Tuesday, December 7, 2010

A weight off my shoulders

Literally.

I stopped carrying my laptop to the office. When Michael got his new allocation computer from Penn, I inherited his old, somewhat banged-up but still serviceable MacBookPro, which now lives in the bottom drawer of my office filing cabinet and has taken over duties as my work computer. That means that I don't need to schlep my own laptop into the office anymore. It stays happily ensconced on my desk, and I just keep my vital documents sync'd between the two computers via Dropbox (what a lifesaver!). Sure, I still to carry my purse and a small bag for my lunch, but it's a massive improvement.

Really, it's almost criminal how happy this makes me. No more worrying about tumbling down the stairs in high heels because my weight balance is off. No more shifting the laptop bag from hand to hand and back again as it gets too heavy to carry. No more feeling like a kindergartener, heading off to school with a sack full of crayons strapped to her back. I'm an adult now! I'm free!

And yet, I seem to be experiencing a strange sort of phantom limb syndrome. I'll get to campus, park my car, collect my purse and my lunch, and start walking to the office. About halfway there I'm overcome with the feeling that surely I have forgotten something important. Surely. I'll start to stoop over, almost unconsciously, trying to recapture what it would feel like to be walking to work if I hadn't forgotten something. I'll reach up to grab at my shoulder, trying to figure out why that space feels so wrong and weightless. And then --- aha! I'm not wearing my computer bag! Because I don't need to be! My posture straightens, my eyes brighten, my step lightens, and I can head for the office like a normal human being. Until the next morning, of course, when it happens again.

I'll get over it soon, I'm sure. I'm so happy to have worked out a good system whereby I can have all my file both at my office and at home and not have to get a horrible crick in my neck while doing it. (That can wait until I'm actually seated at my computer and hunch over my keyboard to type.)

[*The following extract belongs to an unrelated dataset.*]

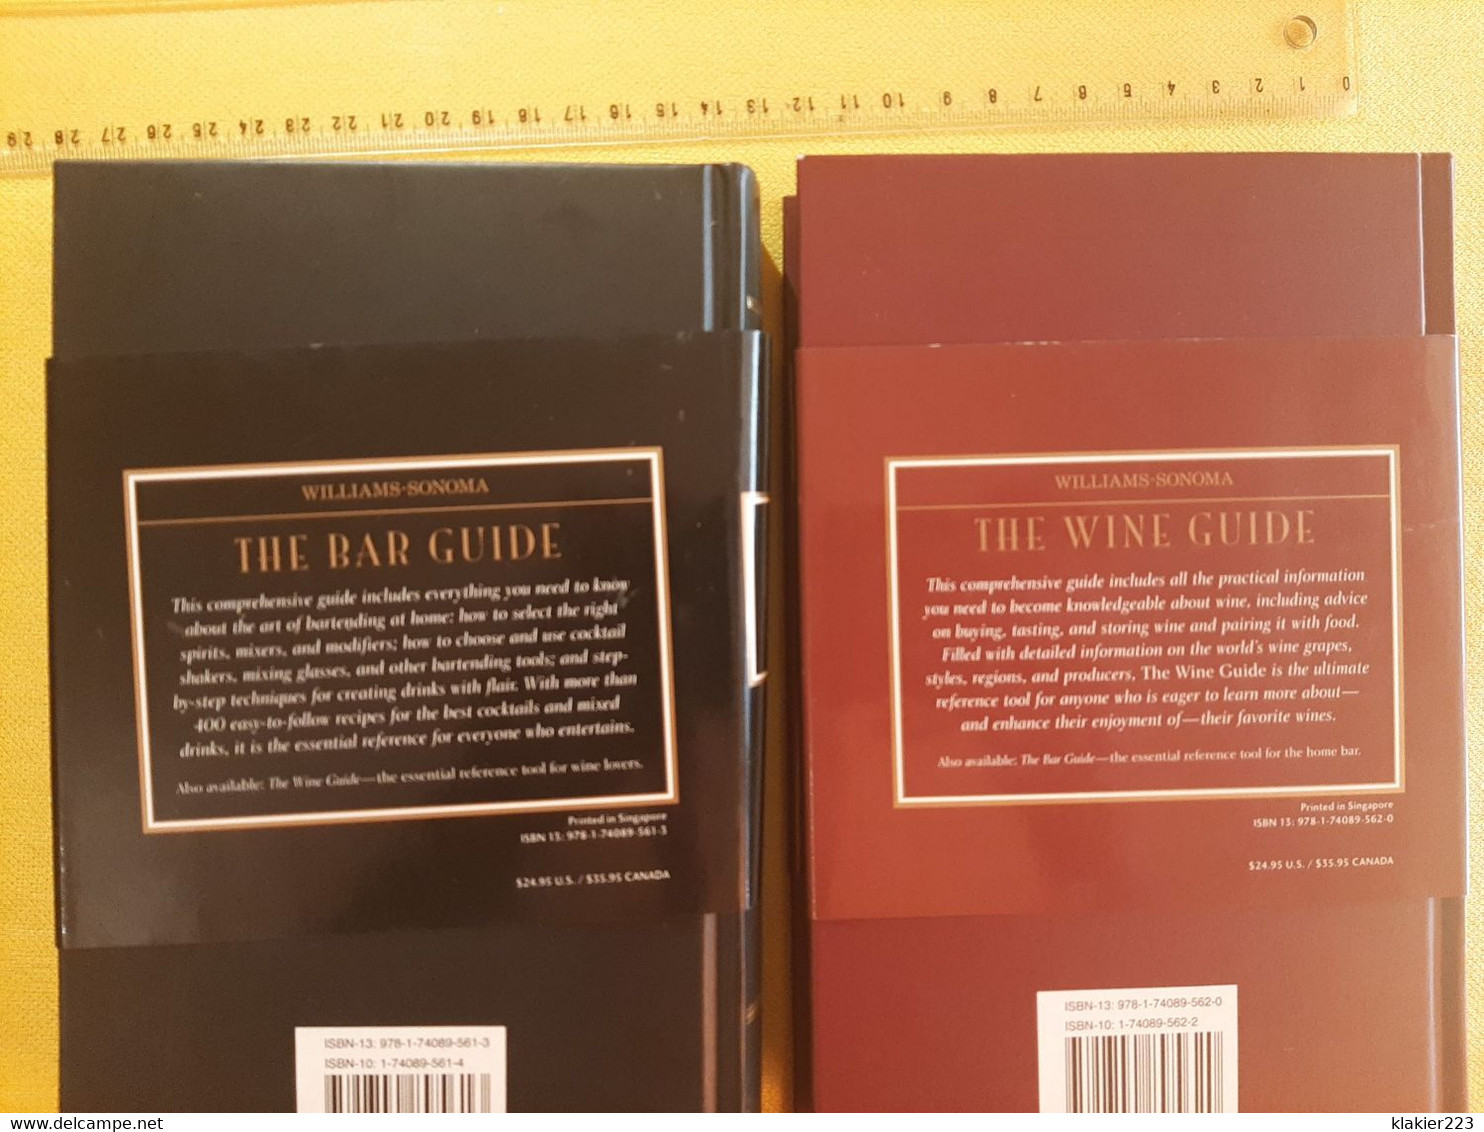 Williams-Sonoma - The Bar Guide / The Wine Guide - Europa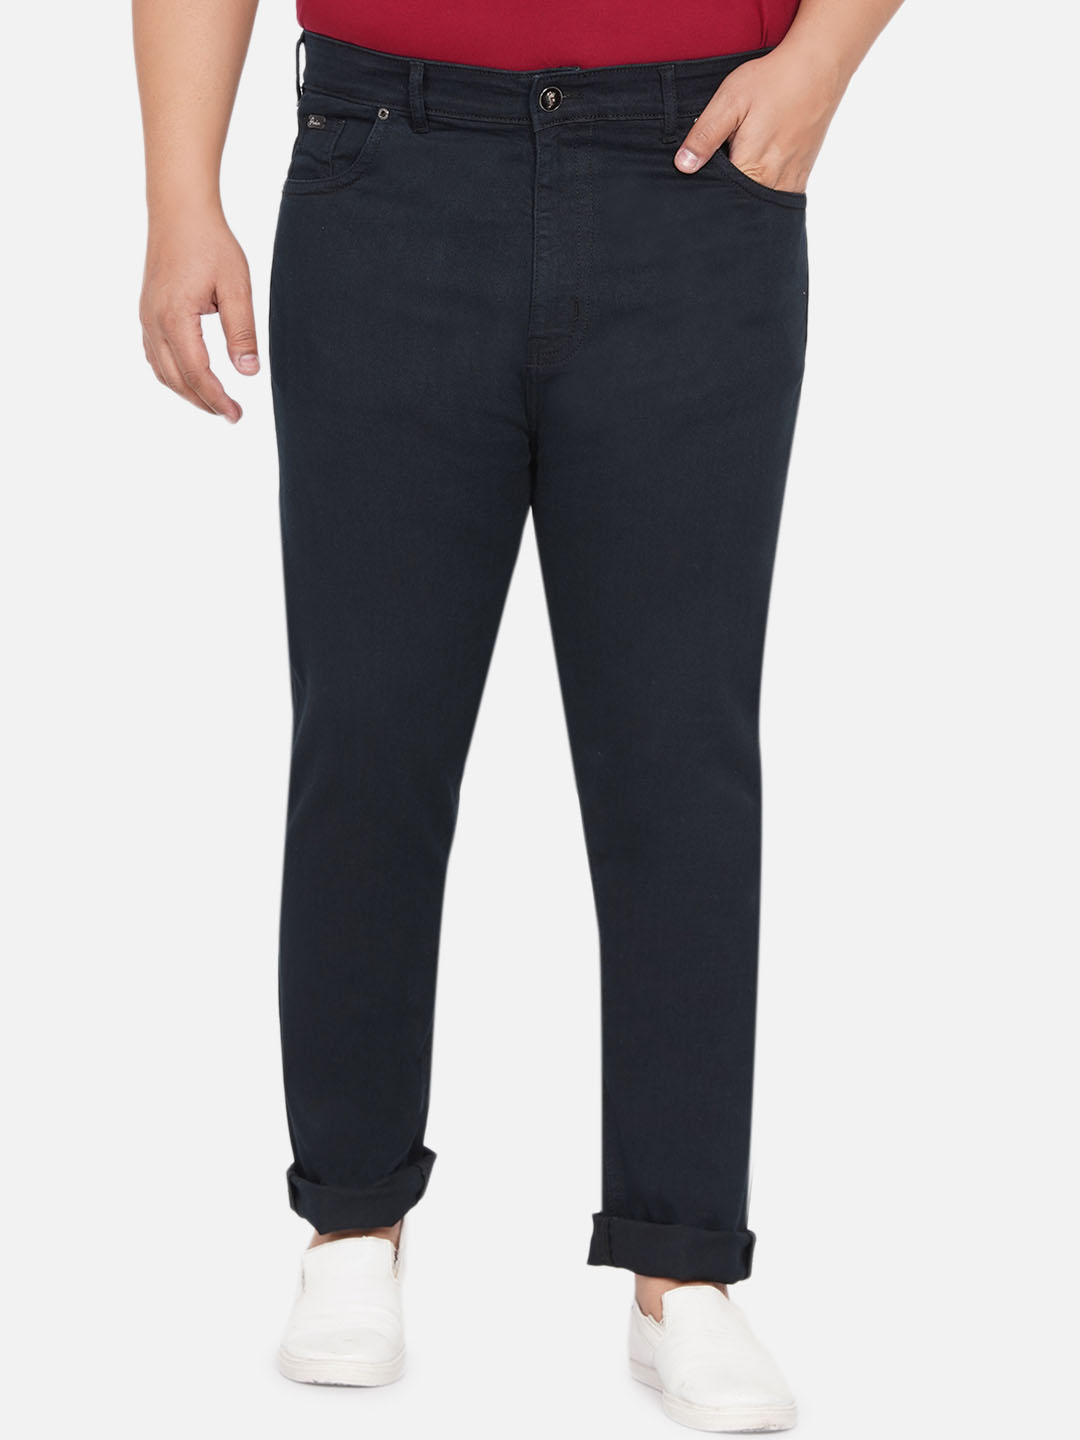 bottomwear/jeans/JPJ12258/jpj12258-1.jpg

The only drawback to the new system is when I need to travel. Until I spring for an iPad, there will still be times when I'll have to take my laptop with me (conferences come to mind), and then it will be back to the neck-cricking and ankle-wobbling. Such is life.

But even on those occasions, I'm never going back to my old nylon laptop bag. It served its purpose reasonably well, but it really did make me look like a kindergartener --- nearly took up the entire space on my back even though it was meant to be a messenger bag (for a six-foot tall Amazon, I suppose). Nope, I've dug out my old, skinny neoprene laptop sleeve and have my eye on a sensible and versatile (and vegan!) tote bag from Crystalyn Kae. After all, what's the point of being an adult if I can't look like one?